Sep 13 '24 17:09 berndku

Seeing similar errors on my end, this is halting flow execution:

2024-09-13 14:04:35 -0400 46456 execution.flow WARNING Failed to calculate metrics due to exception: unsupported operand type(s) for +: 'int' and 'dict'.

Sep 13 '24 18:09 jwieler

Same issue, resulting in flow being terminated: WARNING:opentelemetry.attributes:Invalid type dict for attribute '__computed__.cumulative_token_count.completion' value. Expected one of ['bool', 'str', 'bytes', 'int', 'float'] or a sequence of those types 2024-09-13 16:53:20 -0400 28812 execution.flow WARNING Failed to calculate metrics due to exception: unsupported operand type(s) for +: 'int' and 'dict'. 2024-09-13 16:53:20 -0400 28812 execution.flow ERROR Flow execution has failed. Cancelling all running nodes: extract_data.

Sep 13 '24 21:09 mack-adknown

Some keys in the tokens have values that are not int, causing the issue.

azure_open_ai: tokens = {'completion_tokens': 13, 'prompt_tokens': 673, 'total_tokens': 686, 'completion_tokens_details': None} open_ai: {'completion_tokens': 13, 'prompt_tokens': 669, 'total_tokens': 682, 'completion_tokens_details': {'reasoning_tokens': 0}}

As a temporary solution, tracing can be disabled by setting PF_DISABLE_TRACING=true.

Sep 14 '24 05:09 SULAPIS

Rolling back the version of openai also works, openai<=1.44.1 resolves the error. Looks like promptflow-tracing could be incompatible with 1.45.0 https://pypi.org/project/openai/#history

Sep 15 '24 09:09 asos-oliverfrost

@asos-oliverfrost thank you for finding that! Rolling back worked for me. It looks like this is the specific line that is breaking the behavior in prompt flow, because the new field completion_token_details is optional: https://github.com/openai/openai-python/compare/v1.44.1...v1.45.0#diff-d85f41ac9f419751206af46c34ef5c8c74258660be492aa703dcbebcfc96a41bR25

Sep 16 '24 01:09 jomalsan

Rolling back OpenAI did not work for me, Pydantic is so dynamic that I still get completion_tokens_details={'reasoning_tokens': 0}. In summary:

An OpenAI endpoint returns a dictionary inside another dictionary: {"completion_token_details":{"foo_bar":0}}.
Then it's processed by promflow.tracing, which does not support that.
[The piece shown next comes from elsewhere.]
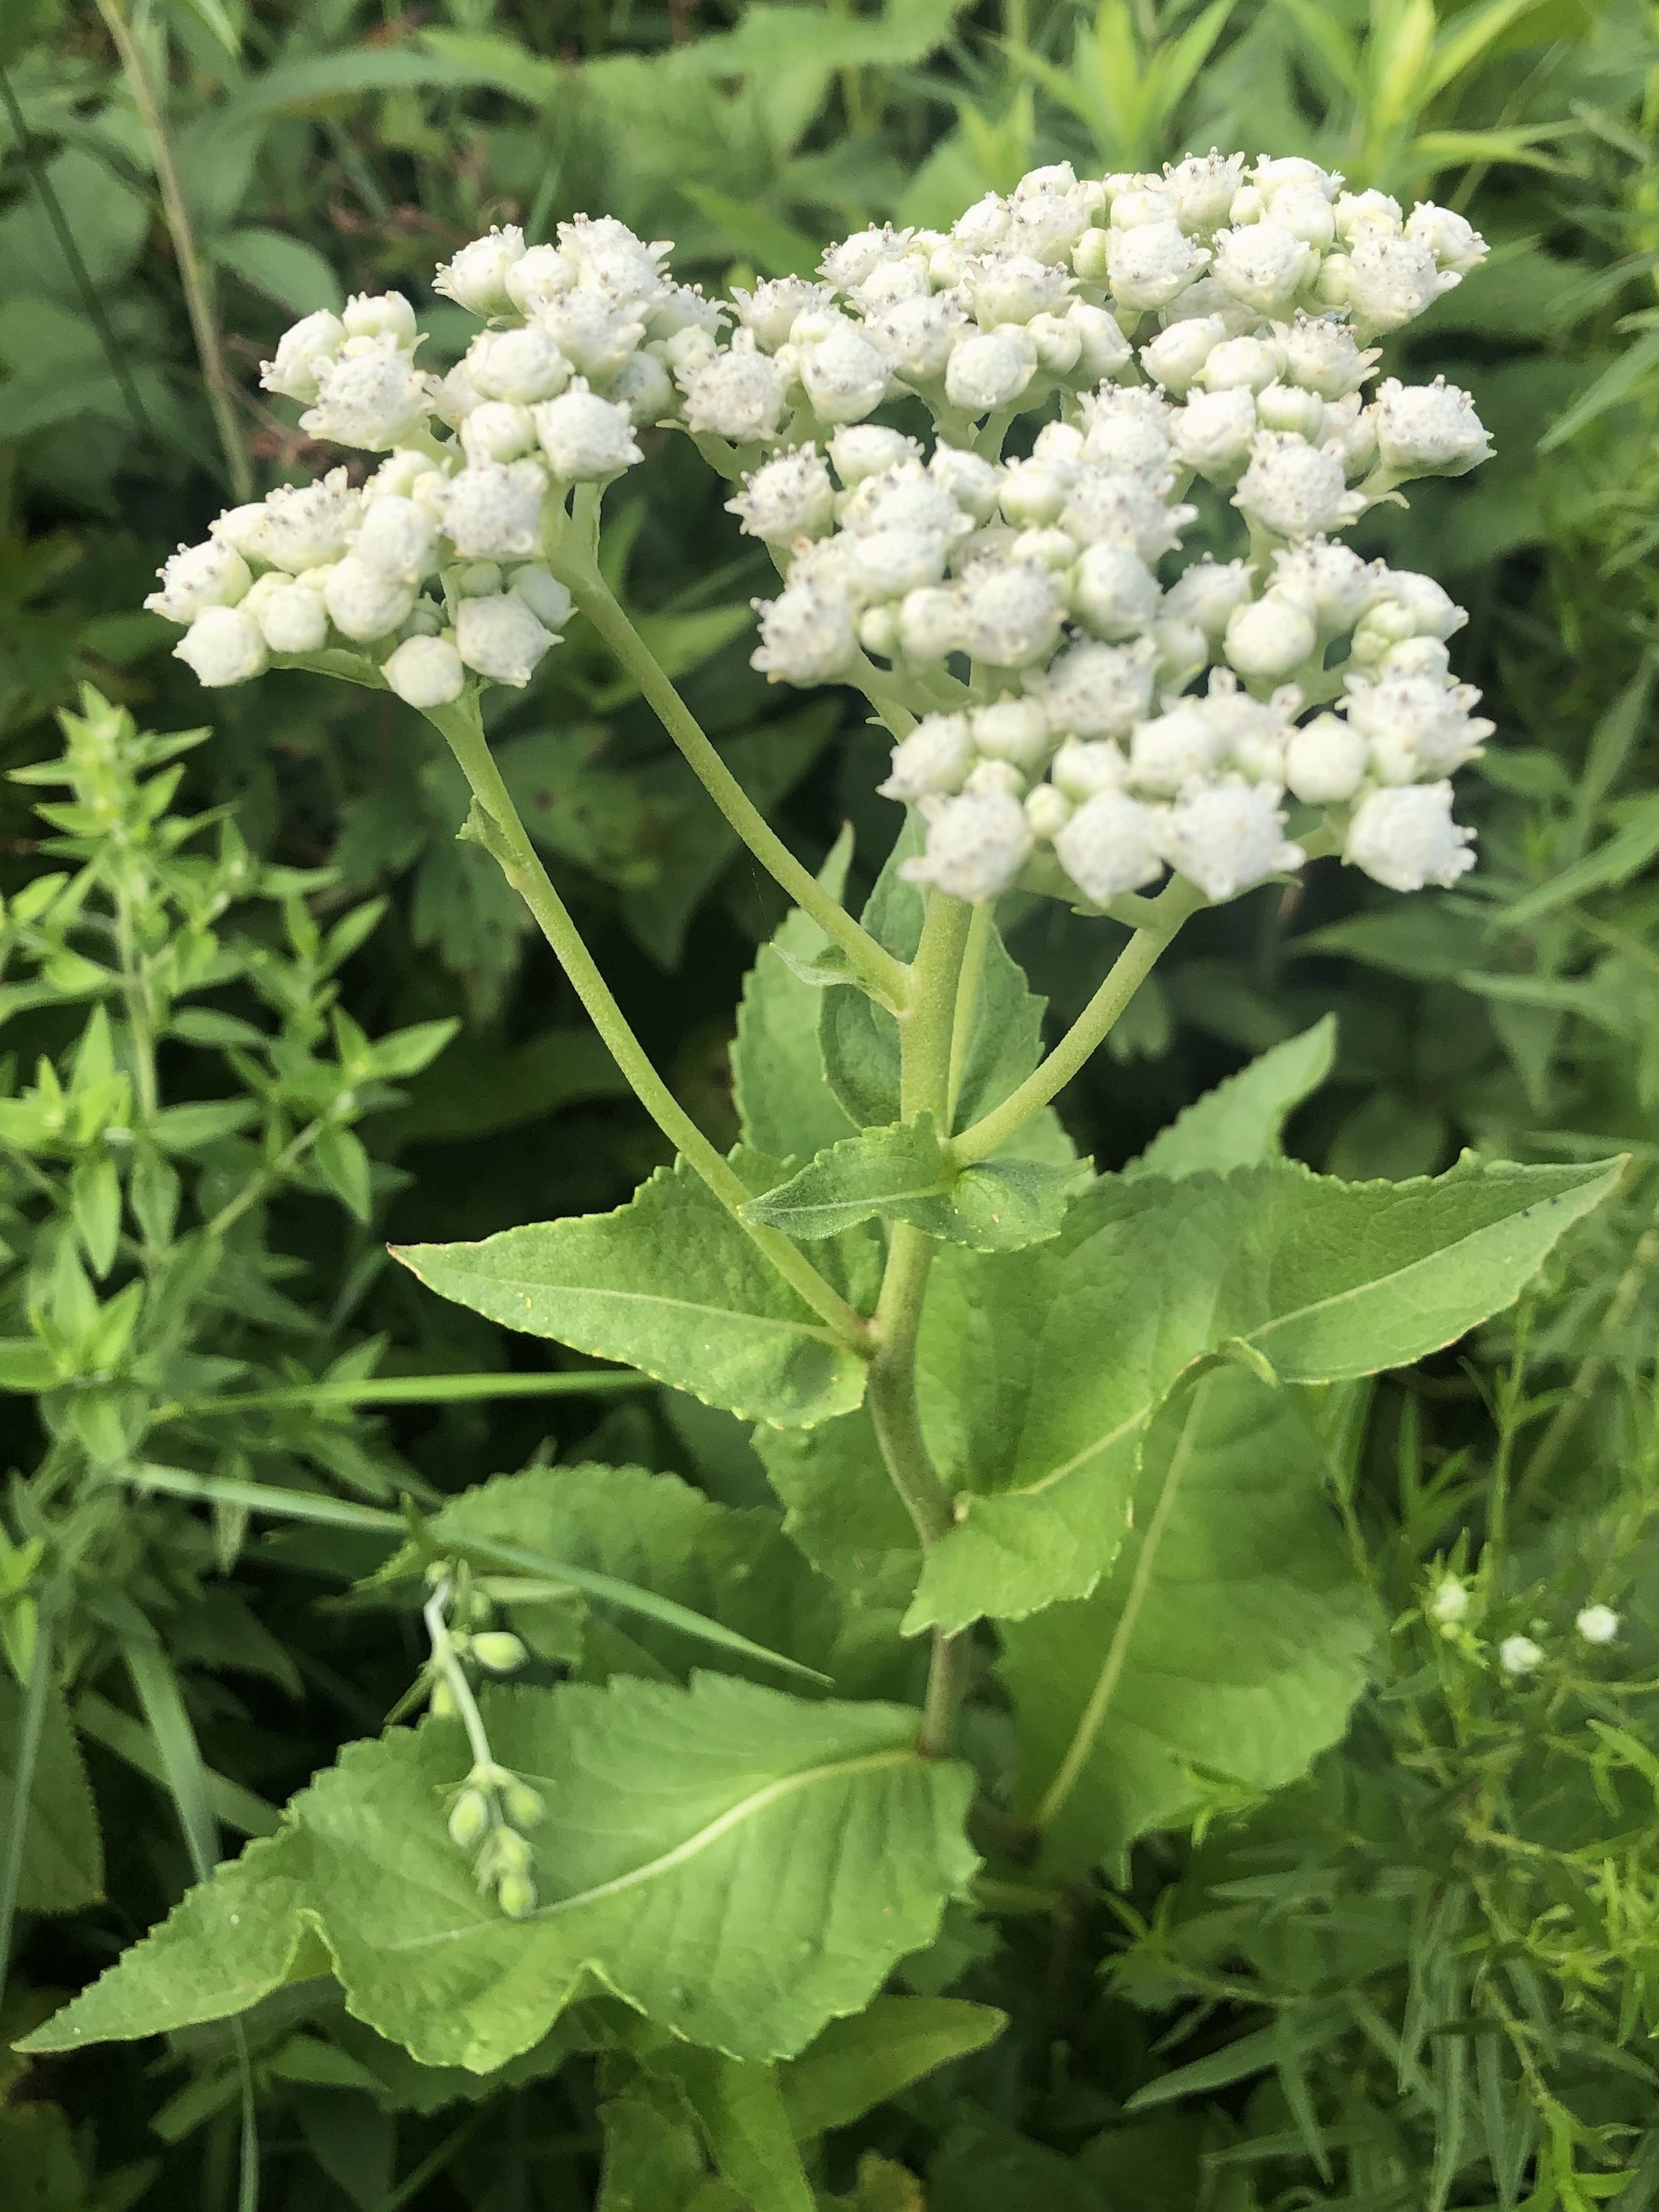 Wild Quinine in UW Arbortetum Native Gardens in Madison, Wisconsin on July 5, 2021.

Sep 19 '24 15:09 olopezqubika

Also having this issue, with similar errors:

2024-09-19 18:05:38 -0700   89862 execution          ERROR    Node extract_result in line 0 failed. Exception: Execution failure in 'extract_result': (TypeError) unsupported operand type(s) for +: 'dict' and 'dict'.
Traceback (most recent call last):
  File "/[...]/pypoetry/virtualenvs/promptflow-test-gto235yr-py3.11/lib/python3.11/site-packages/promptflow/_core/flow_execution_context.py", line 182, in _invoke_tool_inner
    return f(**kwargs)
           ^^^^^^^^^^^
  File "/[...]/pypoetry/virtualenvs/promptflow-test-gto235yr-py3.11/lib/python3.11/site-packages/promptflow/tracing/_trace.py", line 561, in wrapped
    token_collector.collect_openai_tokens_for_parent_span(span)
  File "/[...]/pypoetry/virtualenvs/promptflow-test-gto235yr-py3.11/lib/python3.11/site-packages/promptflow/tracing/_trace.py", line 143, in collect_openai_tokens_for_parent_span
    merged_tokens = {
                    ^
  File "/[...]/pypoetry/virtualenvs/promptflow-test-gto235yr-py3.11/lib/python3.11/site-packages/promptflow/tracing/_trace.py", line 144, in <dictcomp>
    key: self._span_id_to_tokens[parent_span_id].get(key, 0) + tokens.get(key, 0)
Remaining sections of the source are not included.